Parser
The parser we are going to construct is called a recursive descent parser, it is the manual process of going down the grammar and building up the AST.
The parser starts simple, it holds the source code, the lexer, and the current token consumed from the lexer.
pub struct Parser<'a> {
/// Source Code
source: &'a str,
lexer: Lexer<'a>,
/// Current Token consumed from the lexer
cur_token: Token,
/// The end range of the previous token
prev_token_end: usize,
}
impl<'a> Parser<'a> {
pub fn new(source: &'a str) -> Self {
Self {
source,
lexer: Lexer::new(source),
cur_token: Token::default(),
}
}
pub fn parse(&mut self) -> Program<'a> {
Ok(Program {
node: Node {
start: 0,
end: self.source.len(),
}
body: vec![]
})
}
}
Helper functions
The current token cur_token: Token
holds the current token returned from the lexer.
We'll make the parser code cleaner by adding some helper functions for navigating and inspecting this token.
impl<'a> Parser<'a> {
fn start_node(&self) -> Node {
let token = self.cur_token();
Node::new(token.start, 0)
}
fn finish_node(&self, node: Node) -> Node {
Node::new(node.start, self.prev_token_end)
}
fn cur_token(&self) -> &Token {
&self.cur_token
}
fn cur_kind(&self) -> Kind {
self.cur_token.kind
}
/// Checks if the current index has token `Kind`
fn at(&self, kind: Kind) -> bool {
self.cur_kind() == kind
}
/// Advance if we are at `Kind`
fn bump(&mut self, kind: Kind) {
if self.at(kind) {
self.advance();
}
}
/// Advance any token
fn bump_any(&mut self) {
self.advance();
}
/// Advance and return true if we are at `Kind`, return false otherwise
fn eat(&mut self, kind: Kind) -> bool {
if self.at(kind) {
self.advance();
return true;
}
false
}
/// Move to the next token
fn advance(&mut self) {
let token = self.lexer.next_token();
self.prev_token_end = self.cur_token.end;
self.cur_token = token;
}
}
Parse Functions
The DebuggerStatement
is the most simple statement to parse, so let's try and parse it and return a valid program
impl<'a> Parser<'a> {
pub fn parse(&mut self) -> Program {
let stmt = self.parse_debugger_statement();
let body = vec![stmt];
Program {
node: Node {
start: 0,
end: self.source.len(),
}
body,
}
}
fn parse_debugger_statement(&mut self) -> Statement {
let node = self.start_node();
// NOTE: the token returned from the lexer is `Kind::Debugger`, we'll fix this later.
self.bump_any();
Statement::DebuggerStatement {
node: self.finish_node(node),
}
}
}
All the other parse functions build on these primitive helper functions,
for example parsing the while
statement in swc:
https://github.com/swc-project/swc/blob/554b459e26b24202f66c3c58a110b3f26bbd13cd/crates/swc_ecma_parser/src/parser/stmt.rs#L952-L970
Parsing Expressions
The grammar for expressions is deeply nested and recursive, which may cause stack overflow on long expressions (for example in this TypeScript test),
To avoid recursion, we can use a technique called "Pratt Parsing". A more in-depth tutorial can be found here, written by the author of Rust-Analyzer.
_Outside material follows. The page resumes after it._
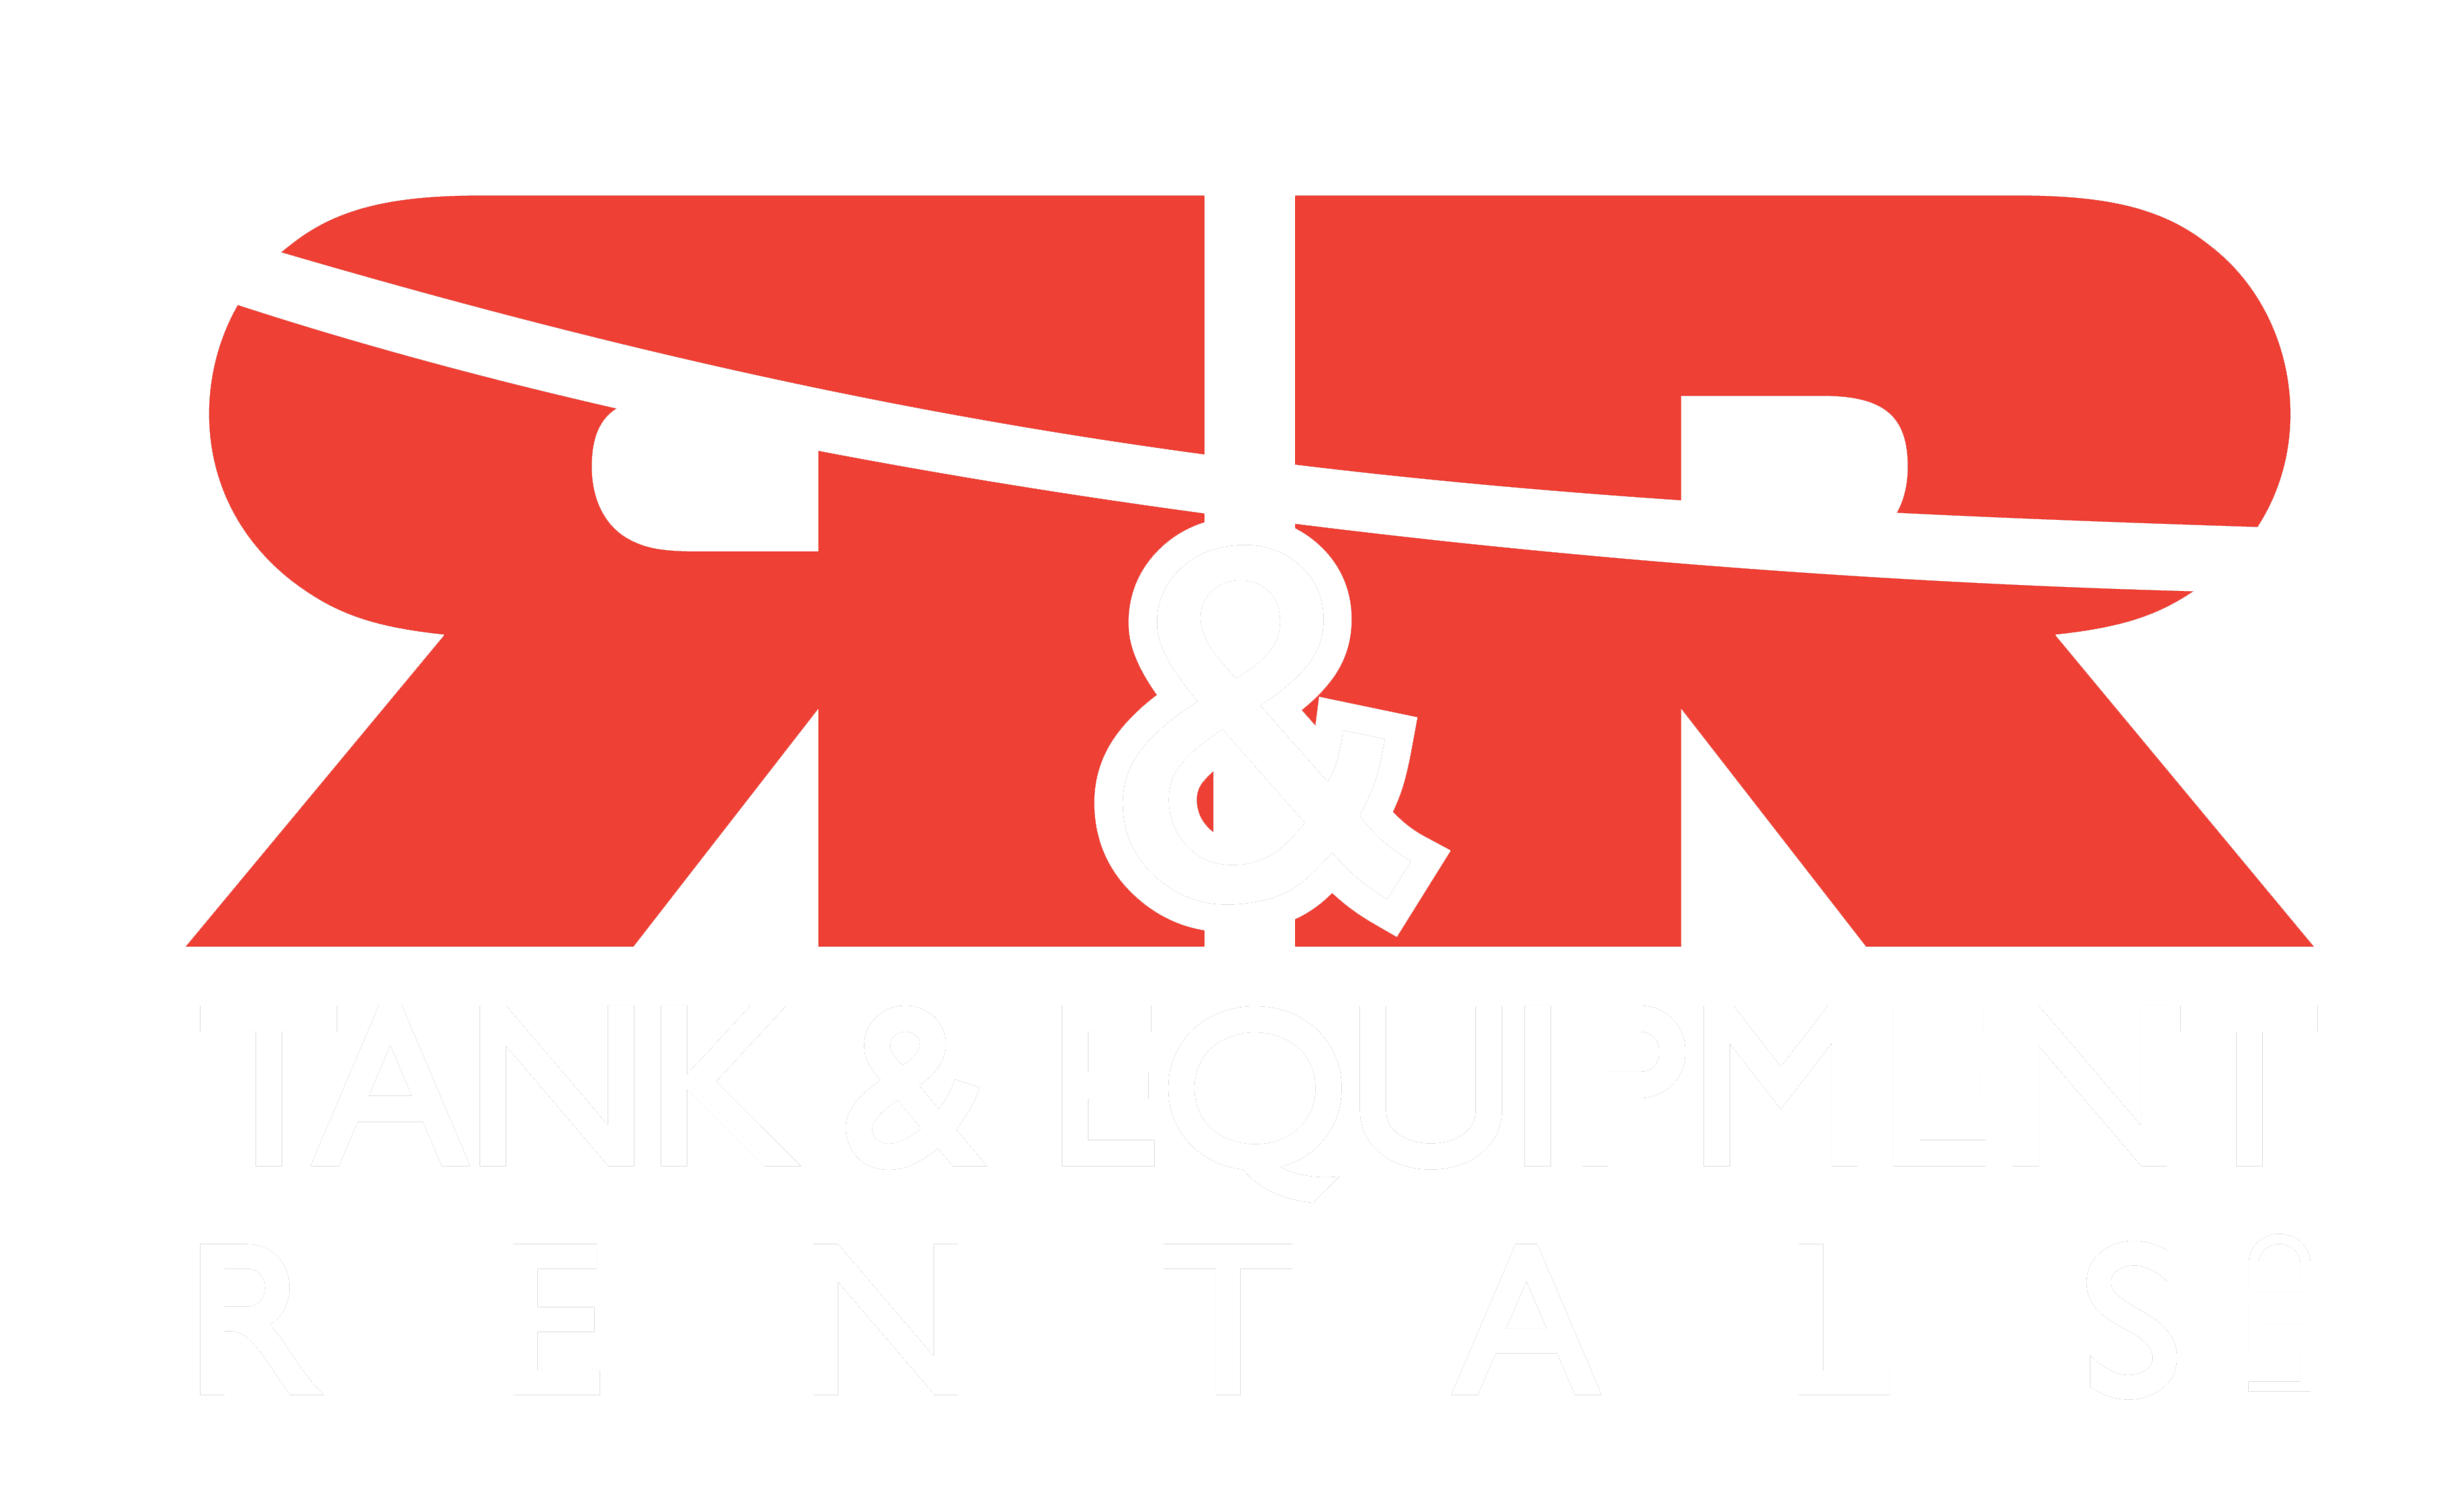 RR Tank & Equipment Rentals LTD.

And a Rust version here in Rome.
Lists
There are lots of places where we need to parse a list separated by a punctuation, for example [a, b, c]
or {a, b, c}
.
The code for parsing lists are all similar, we can use the template method pattern to avoid duplication by using traits.
https://github.com/rome/tools/blob/85ddb4b2c622cac9638d5230dcefb6cf571677f8/crates/rome_js_parser/src/parser/parse_lists.rs#L131-L157
This pattern can also prevent us from infinite loops, specifically progress.assert_progressing(p);
.
Implementation details can then be provided for different lists, for example:
https://github.com/rome/tools/blob/85ddb4b2c622cac9638d5230dcefb6cf571677f8/crates/rome_js_parser/src/syntax/expr.rs#L1543-L1580
Cover Grammar
Detailed in cover grammar, there are times when we need to convert an Expression
to a BindingIdentifier
. Dynamic languages such as JavaScript can simply rewrite the node type:
https://github.com/acornjs/acorn/blob/11735729c4ebe590e406f952059813f250a4cbd1/acorn/src/lval.js#L11-L26
But in Rust, we need to do a struct to struct transformation. A nice and clean way to do this is to use an trait.
pub trait CoverGrammar<'a, T>: Sized {
fn cover(value: T, p: &mut Parser<'a>) -> Result<Self>;
}
The trait accepts T
as the input type, and Self
and the output type, so we can define the following:
impl<'a> CoverGrammar<'a, Expression<'a>> for BindingPattern<'a> {
fn cover(expr: Expression<'a>, p: &mut Parser<'a>) -> Result<Self> {
match expr {
Expression::Identifier(ident) => Self::cover(ident.unbox(), p),
Expression::ObjectExpression(expr) => Self::cover(expr.unbox(), p),
Expression::ArrayExpression(expr) => Self::cover(expr.unbox(), p),
_ => Err(()),
}
}
}
impl<'a> CoverGrammar<'a, ObjectExpression<'a>> for BindingPattern<'a> {
fn cover(obj_expr: ObjectExpression<'a>, p: &mut Parser<'a>) -> Result<Self> {
...
BindingIdentifier::ObjectPattern(ObjectPattern { .. })
}
}
impl<'a> CoverGrammar<'a, ArrayExpression<'a>> for BindingPattern<'a> {
fn cover(expr: ArrayExpression<'a>, p: &mut Parser<'a>) -> Result<Self> {
...
BindingIdentifier::ArrayPattern(ArrayPattern { .. })
}
}
Then for anywhere we need to convert an Expression
to BindingPattern
,
call BindingPattern::cover(expression)
.